In the method for lens switching provided by the disclosure, whether the target object is a preset adjustment object may be determined according to the depth information of the target object in the first image and/or the depth information of the target object in the second image. If so, the display area of the target object in the second image may be adjusted from the first area to the second area based on the displacement amount.

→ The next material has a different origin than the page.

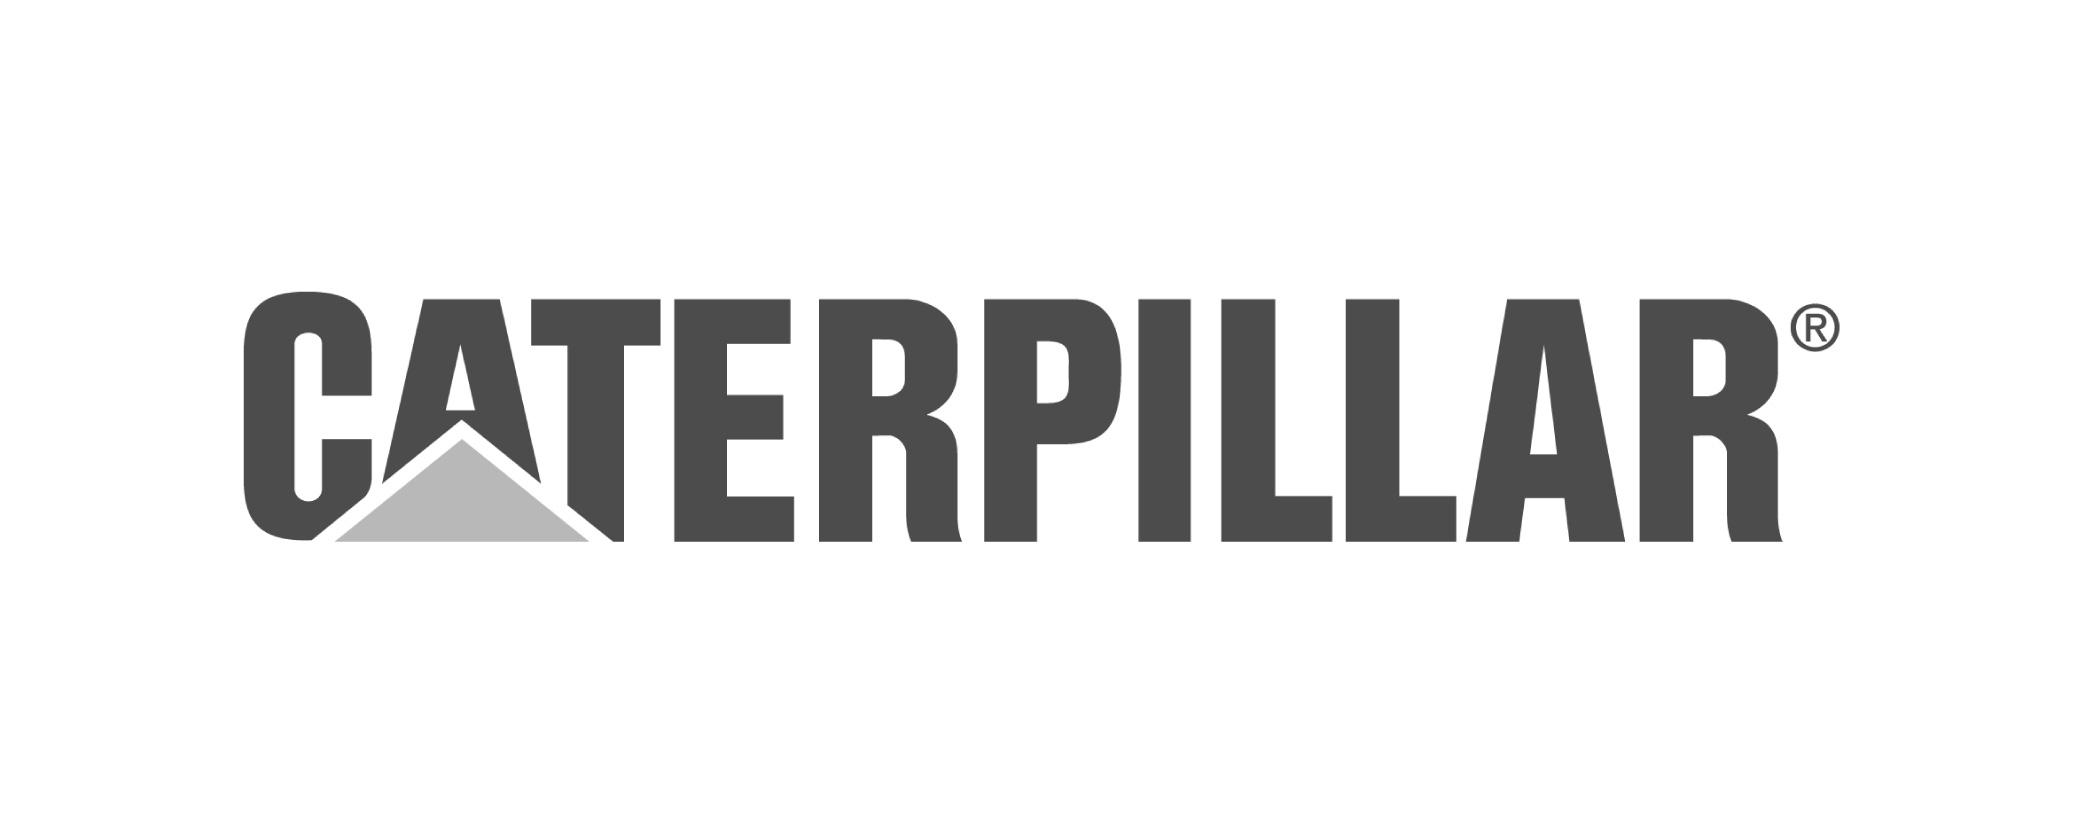 Caterpillar Grey 500 x 200-01.jpg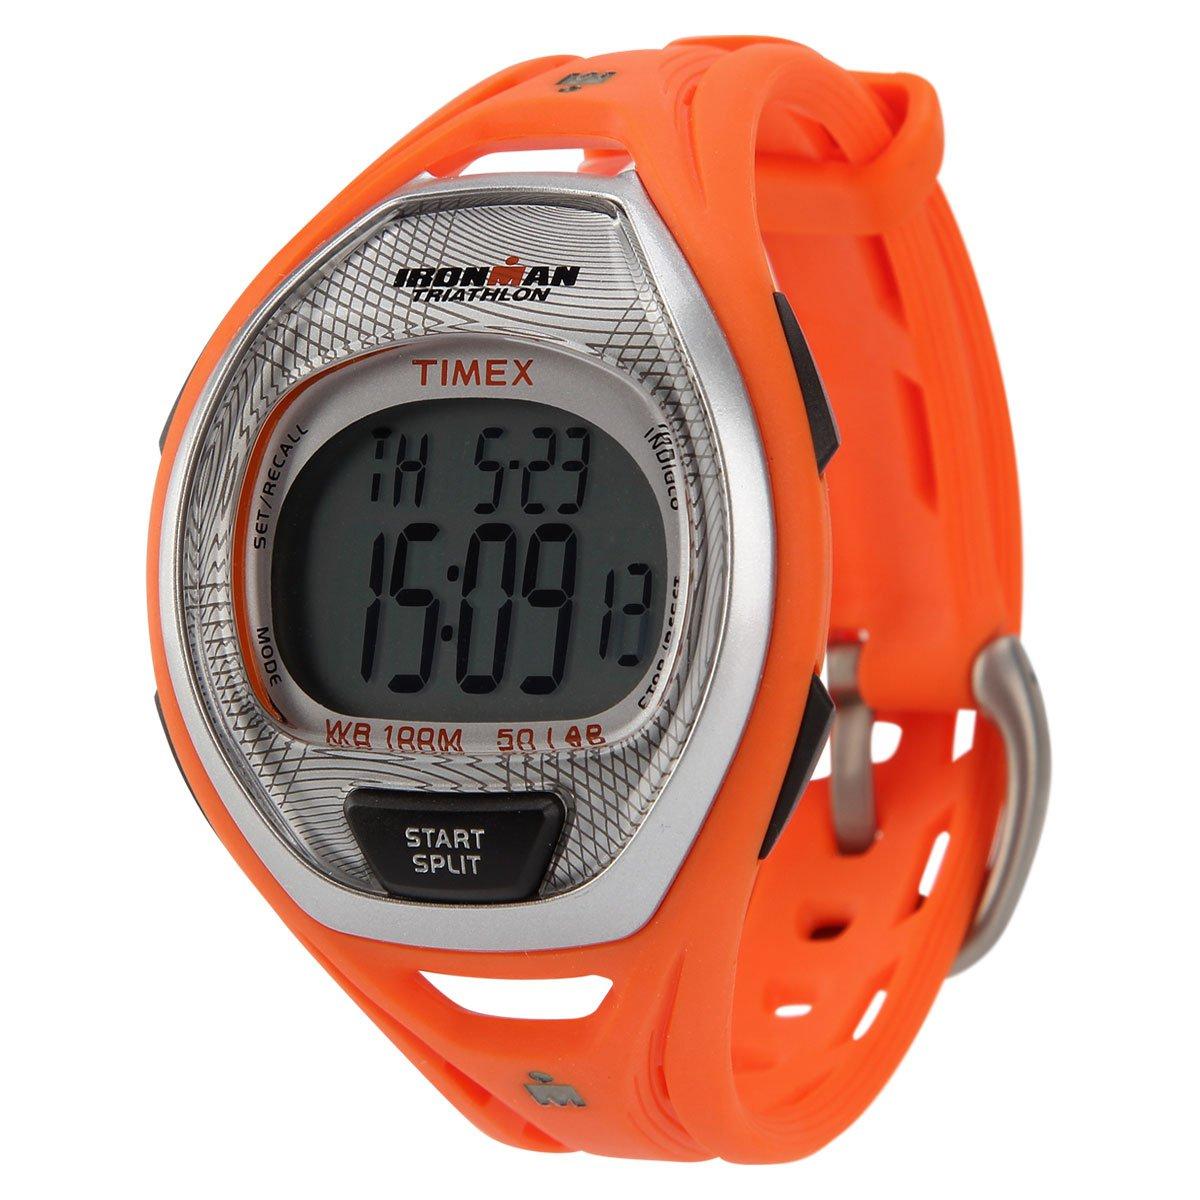 21aaa4def94 Relógio Timex Ironman Sleek 50 Lap T5K512WKL - Compre Agora

The depth information may represent how far or near the object is from the lens when the lens is imaging. According to the depth information of the target object in the first image and/or the second image, the depth of field of the target object may be determined, and according to the depth of field of the target object, whether the target object is a preset adjustment object may be determined, as shown in fig. 7, fig. 7 shows a flowchart of a method for determining whether the target object is the preset adjustment object according to the depth information of the target object in the first image and/or the depth information of the target object in the second image:

in step S1421, the depth of field of the target object is determined according to the depth information of the target object in the first image and/or the depth information of the target object in the second image;

in step S1422, it is determined whether the depth of field of the target object is smaller than a preset threshold, and if so, it is determined that the target object is a preset adjustment object.

In the process of switching the two lenses, because of the difference of the distance and the angle of the two lenses, the visual field range of each lens is different, when the lenses are switched, the parallax of a near object is large, the parallax of a far object is small, namely, the parallax of an object with small depth of field is large, and the parallax of an object with large depth of field is small. As shown in fig. 5, fig. 5 shows that the first object is a near object, i.e., an object with small depth of view. The second object is a distant object, i.e. an object with a large depth of view. The second object is the object labeled 201 in the picture labeled 10 and labeled 201 'in the picture labeled 10'. When switching from the telephoto lens to the wide-angle lens, the displacement amount T of the first object is larger than the displacement amount L of the second object. When the target object is adjusted, the object with large displacement can be adjusted. Whether the target object is an adjustment object can be determined according to the depth information of the target object, for example, if the depth of field in the depth information of the target object is smaller than a preset threshold value, the depth of field of the target object is smaller, the target object is a near object, the jump degree is larger during lens switching, and the target object can be a preset adjustment object. If the depth of field in the depth information of the target object is greater than or equal to the preset threshold value, the target object is larger in depth of field, is a distant object, and is smaller in jump degree when the lens is switched, and the target object can not be used as a preset adjustment object.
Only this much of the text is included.